IN NOME DEL POPOLO ITALIANO

LA CORTE SUPREMA DI CASSAZIONE

SEZIONE TRIBUTARIA

Composta dagli Ill.mi Sigg.ri Magistrati:

Dott. ADAMO Mario - Presidente

Dott. SCHIRO' Stefano - Consigliere

Dott. DI BLASI Antonino - Consigliere

Dott. GRECO Antonio - Consigliere

Dott. BOTTA Raffaele - rel. Consigliere

ha pronunciato la seguente:

SENTENZA

sul ricorso proposto da:

(OMISSIS) S.p.A., in persona del legale rappresentante pro tempore, elettivamente domiciliata in (OMISSIS), presso l'avv. (OMISSIS), che, unitamente agli avv.ti prof. (OMISSIS) e (OMISSIS), la rappresenta e difende, giusta delega a margine del ricorso;

- ricorrente -

contro

Agenzia delle Entrate, in persona del Direttore pro tempore, elettivamente domiciliata in Roma, via dei Portoghesi 12, presso l'Avvocatura Generale dello Stato, che la rappresenta e difende per legge;

- intimata costituita -

avverso la sentenza della Commissione Tributaria Regionale dell'Emilia Romagna (Bologna - Sezione staccata di Parma), Sez. 23, n. 135/23/09, del 15 ottobre 2009, depositata il 30 ottobre 2009, non notificata;

Udita la relazione svolta nella Pubblica Udienza del 13 marzo 2012 dal Relatore Cons. Raffaele Botta;

Uditi l'avv. (OMISSIS) per delega per la parte ricorrente e l'avv. (OMISSIS) per l'Avvocatura Generale dello Stato;

Udito il P.M., nella persona del sostituto Procuratore Generale Dott. GAMBARDELLA Vincenzo, che ha concluso per il rigetto del ricorso.

SVOLGIMENTO DEL PROCESSO

La controversia concerne l'impugnazione di una serie di avvisi di accertamento ai fini IVA, IRPEG ed IRAP relativamente ad una attivita' di acquisto di autoveicoli di provenienza estera (cessioni intracomunitarie) da societa' intermediarie e successiva rivendita realizzando un meccanismo contabile di fatturazioni soggettivamente inesistenti nel quadro di una "frode carosello": Ulteriore contestazione mossa dall'amministrazione, ma successivamente abbandonata, era quella relativa a certi "bonus straordinari" versati ad agenti o ad altri intermediari.
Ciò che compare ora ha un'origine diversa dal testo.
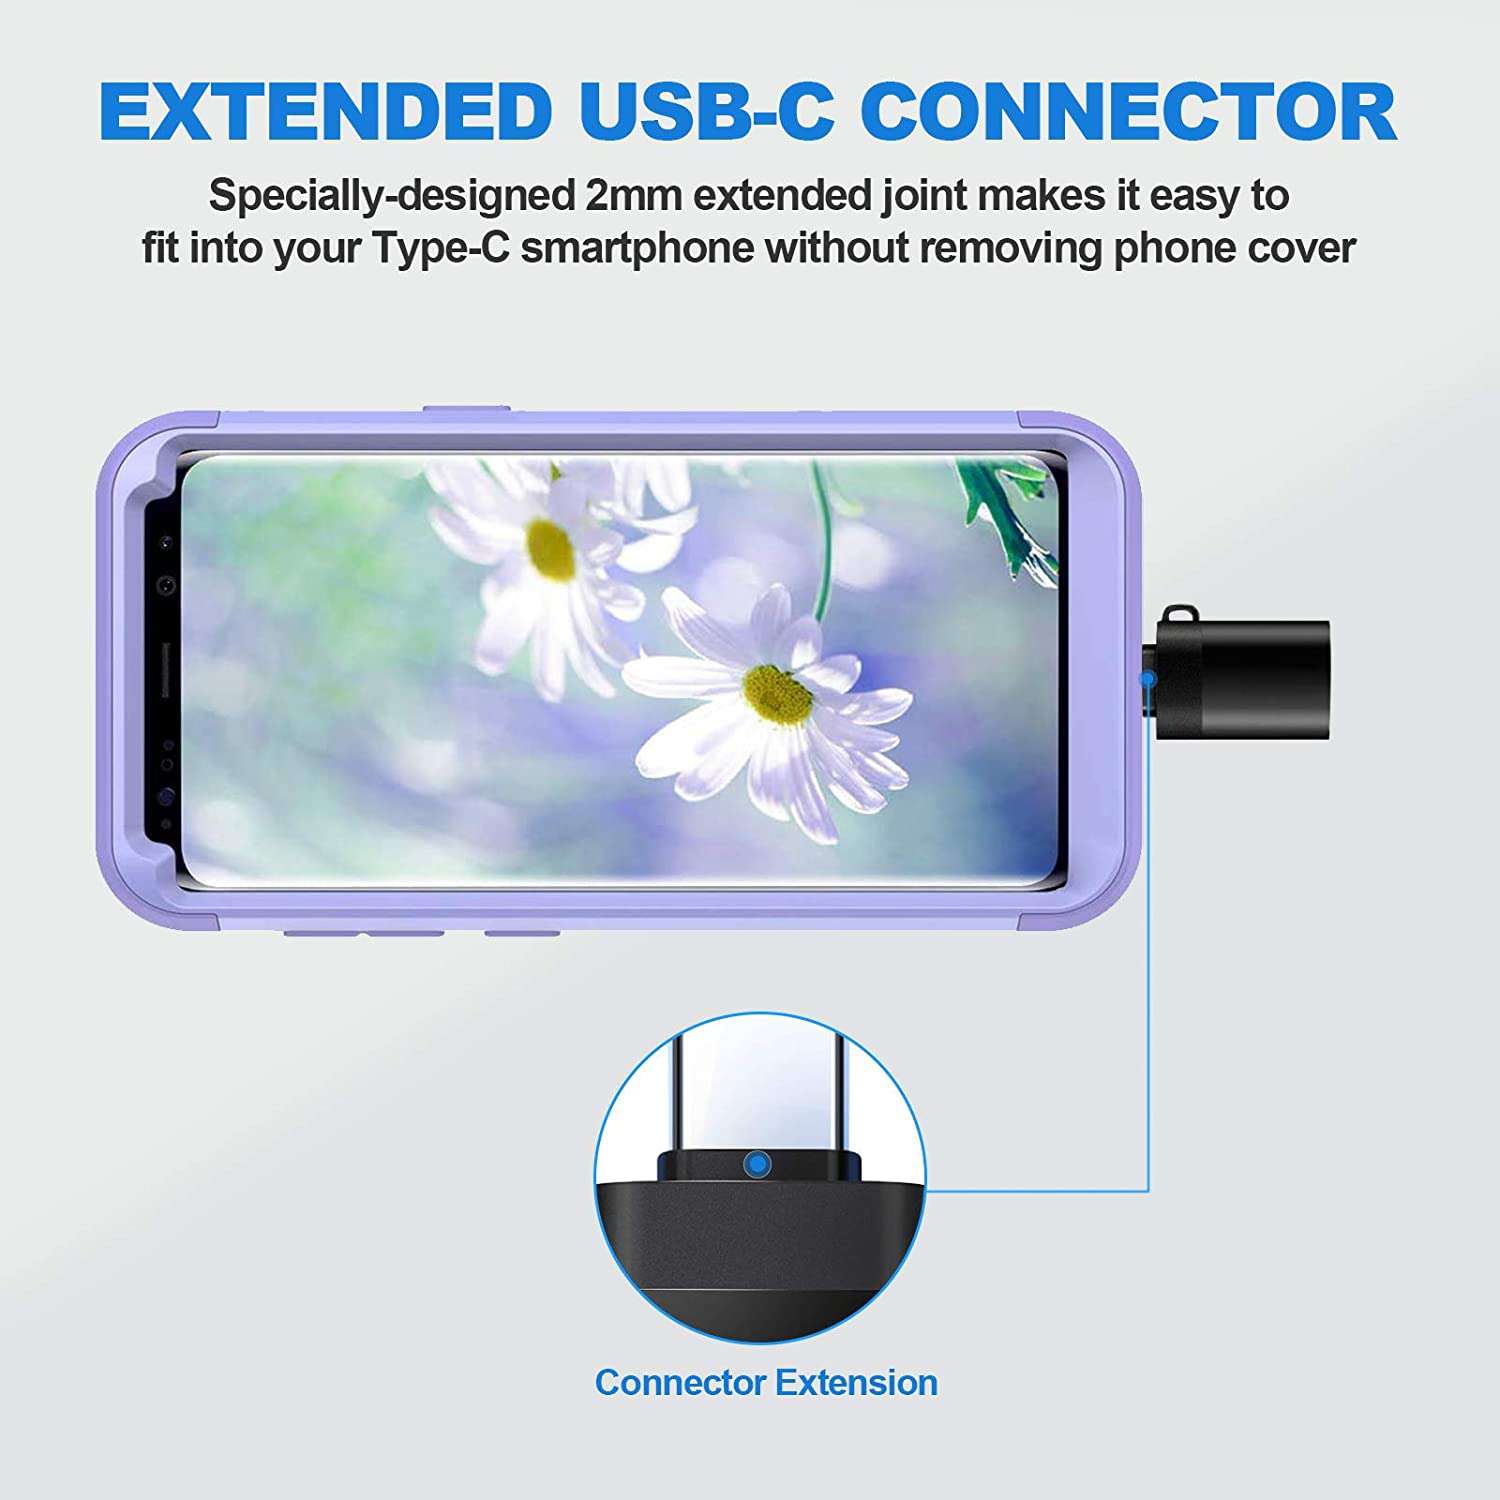 The adapter features a design with a built-in anti-loss loop and is compact in size

La Commissione adita accoglieva il ricorso della societa' contribuente, ma la decisione era riformata in appello, con la sentenza in epigrafe che dava atto anche della rinuncia dell'Ufficio alla pretesa relativa ai cd. "bonus qualitativi", avverso la quale la societa' contribuente propone ricorso per cassazione con quattordici motivi. L'amministrazione non ha notificato controricorso, ma ha depositato un atto di costituzione ai fini della partecipazione all'udienza di discussione.

MOTIVAZIONE

I motivi di ricorso, salvo l'ultimo che deve essere considerato separatamente, rappresentano una "artificiale" parcellizzazione di una sostanzialmente unica censura che investe, sotto il profilo del vizio di violazione di legge e del vizio di motivazione, la sentenza impugnata sul punto relativo alla natura di "cartiere" delle societa' interposte e al carattere "evasivo" della societa' contribuente sulla base delle prove presuntive addotte dall'amministrazione e ritenute, dalla parte ricorrente, non assistite dai requisiti di gravita', sufficienza e concordanza, nonche' sulle conseguenze che da tanto sono state dedotte quanto alla affermata indetraibilita' dell'IVA (con violazione del Decreto del Presidente della Repubblica 26 ottobre 1972, n. 633, articolo 19) e alla ritenuta indeducibilita' dei costi (con violazione della Legge n. 537 del 1993, articolo 14, comma 4-bis).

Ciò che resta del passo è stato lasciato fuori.